DEVELOPING ABSTRACT MODELS for our data and for the ways in which our programs process those data is an essential ingredient in the process of solving problems with a computer. In this series, we consider abstract data types (ADTs), which allow us to build programs that use high-level abstractions. With abstract data types, we can separate the conceptual transformations that our programs perform on our data from any particular data-structure representation and algorithm implementation.
All computer systems are based on layers of abstraction: We adopt the abstract model of a bit that can take on a binary 0—1 value from certain physical properties of silicon and other materials; then, we adopt the abstract model of a machine from dynamic properties of the values of a certain set of bits; then, we adopt the abstract model of a programming language that we realize by controlling the machine with a machine-language program; then, we adopt the abstract notion of an algorithm implemented as a C language program. Abstract data types allow us to take this process further, to develop abstract mechanisms for certain computational tasks at a higher level than provided by the C system, to develop application-specific abstract mechanisms that are suitable for solving problems in numerous applications areas, and to build higher-level abstract mechanisms that use these basic mechanisms. Abstract data types give us an ever-expanding set of tools that we can use to attack new problems.
On the one hand, our use of abstract mechanisms frees us from detained concern about how they are implemented; on the other hand, when performance matters in a program, we need to be cognizant of the costs of basic operations. We use many basic abstractions that are built into the computer hardware and provide the basis for machine instructions; we implement others in software; and we use still others that are provided in previously written systems software. Often, we build higher-level abstract mechanisms in terms of more primitive ones.
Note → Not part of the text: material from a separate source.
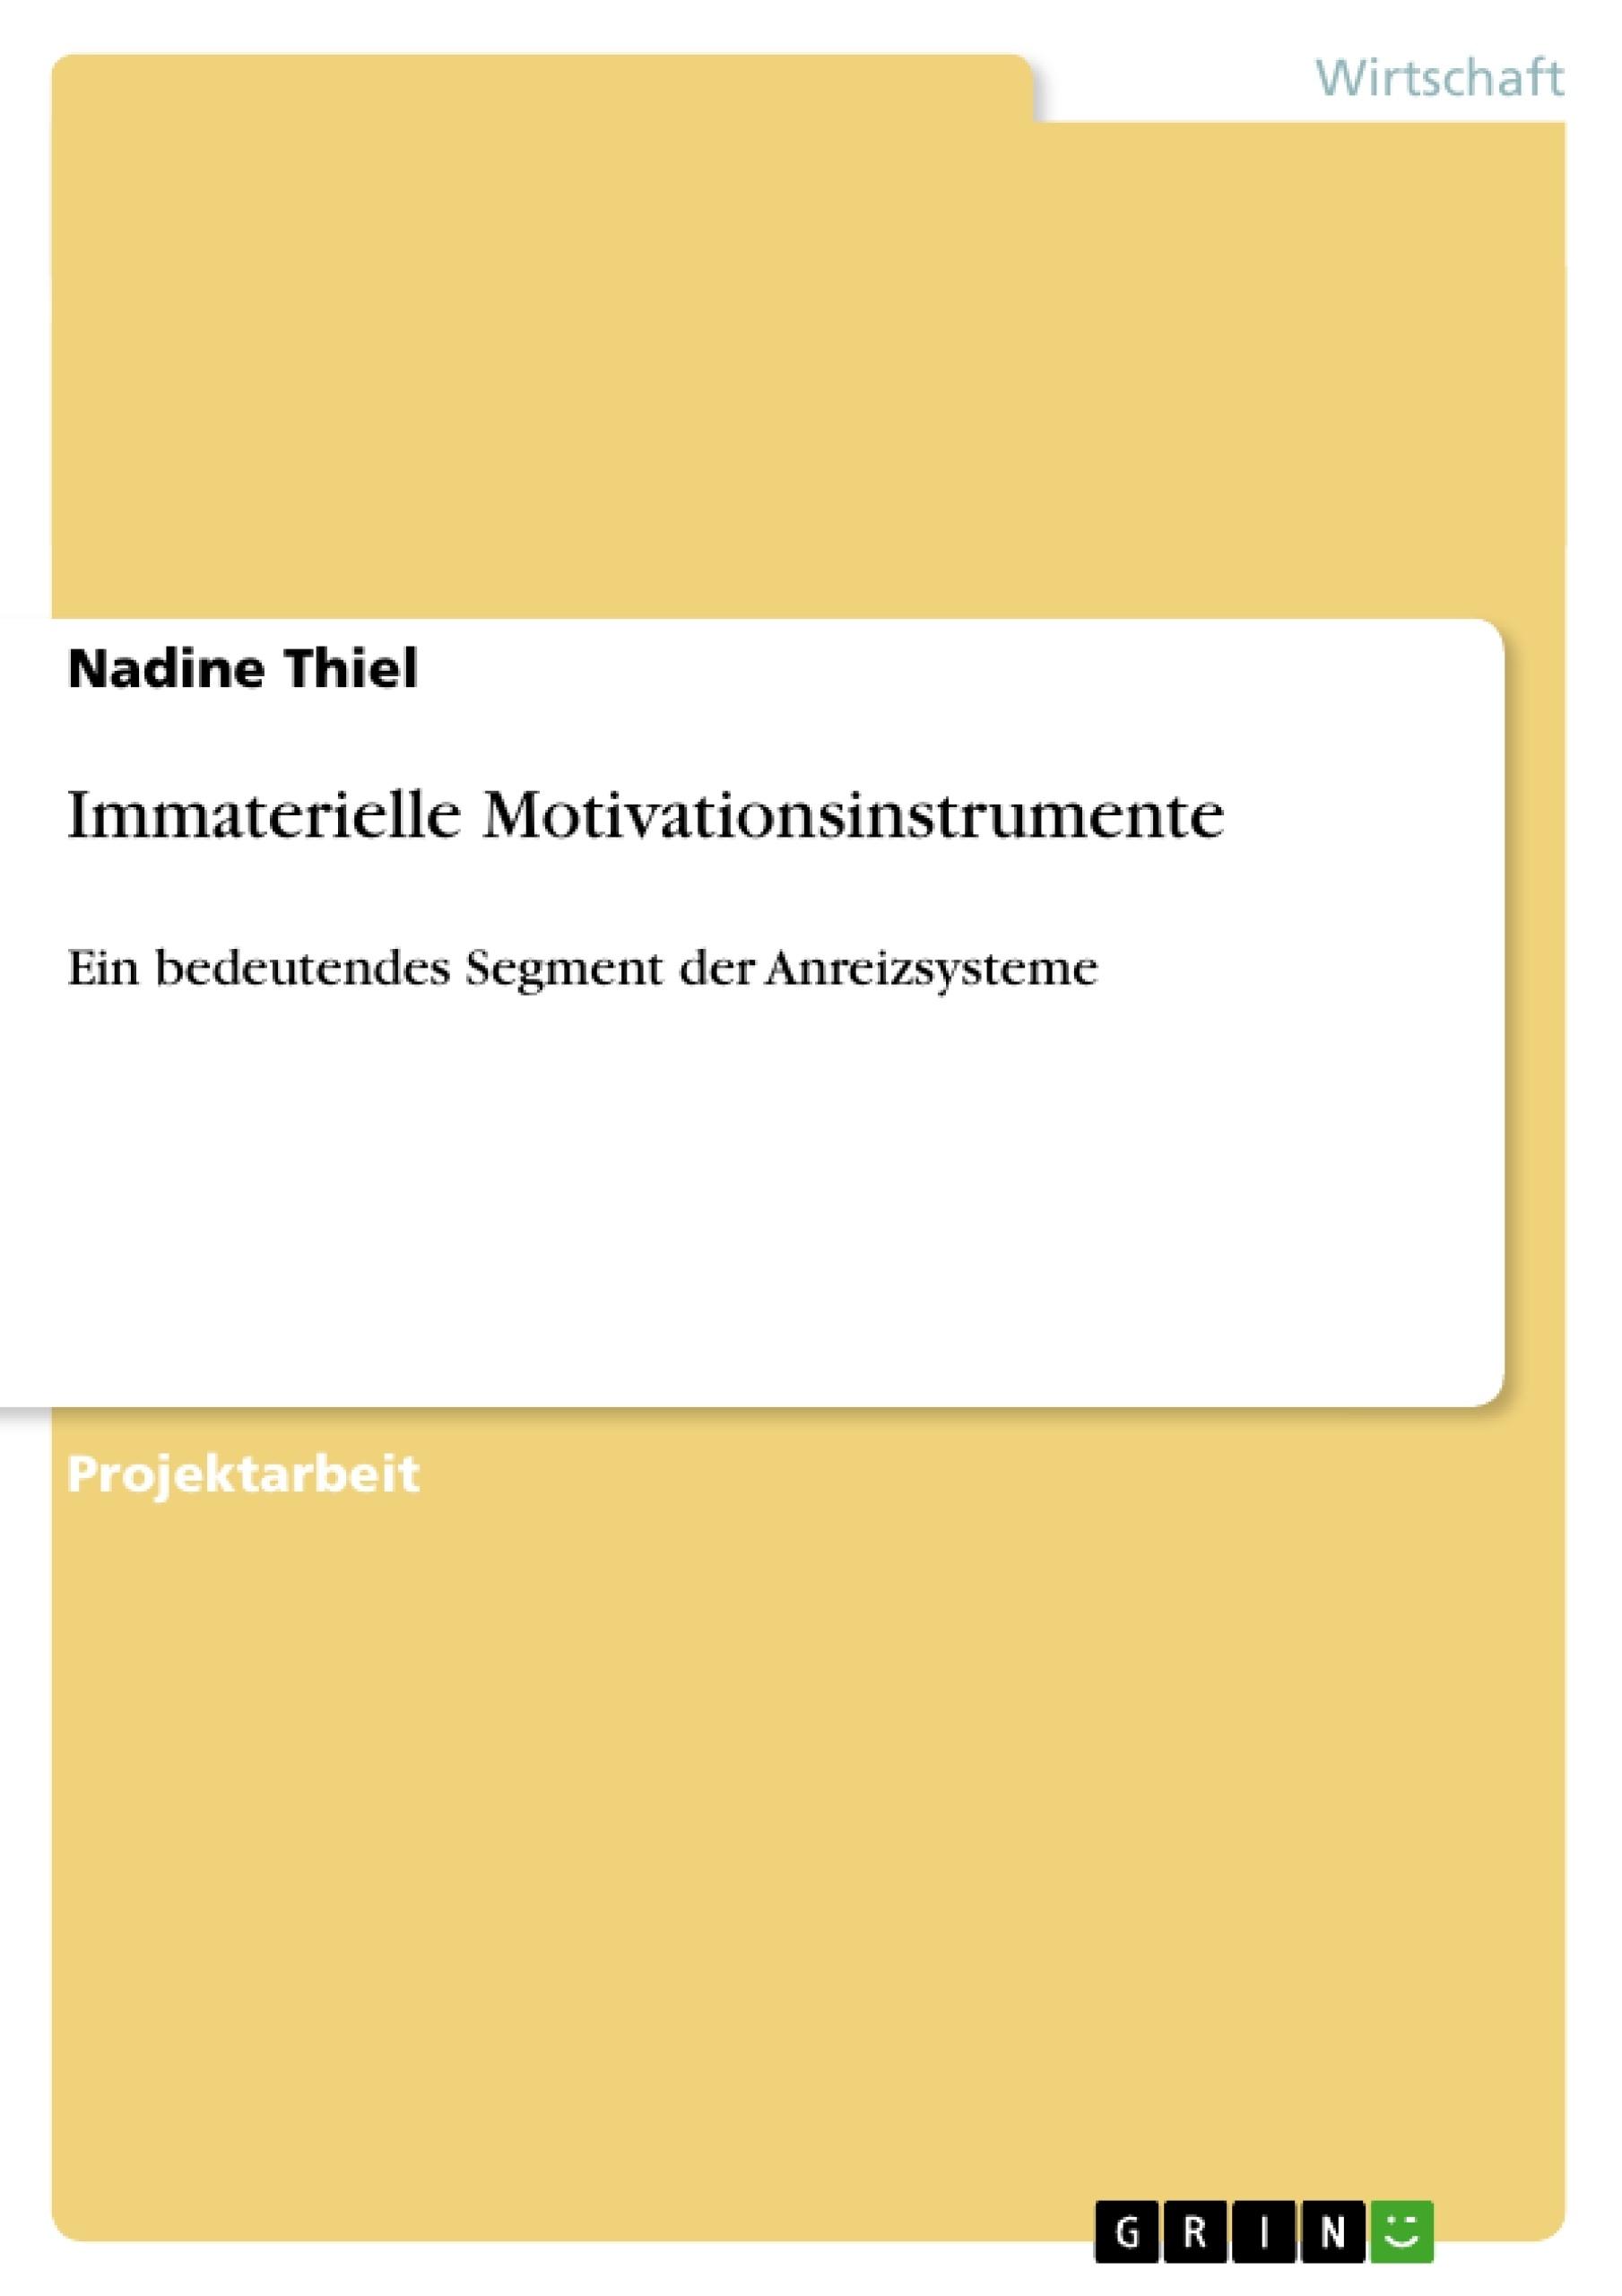 Titel: Immaterielle Motivationsinstrumente

The same basic principle holds at all levels: We want to identify the critical operations in our programs and the critical characteristics of our data, to define both precisely at an abstract level, and to develop efficient concrete mechanisms to support them.
To develop a new layer of abstraction, we need to define the abstract objects that we want to manipulate and the operations that we perform on them; we need to represent the data in some data structure and to implement the operations; and (the point of the exercise) we want to ensure that the objects are convenient to use to solve an applications problem.
Definition 1 An abstract data type (ADT) is a data type (a set of values and a collection of operations on those values) that is accessed only through an interface. We refer to a program that uses an ADT as a client, and a program that specifies data type as an implementation.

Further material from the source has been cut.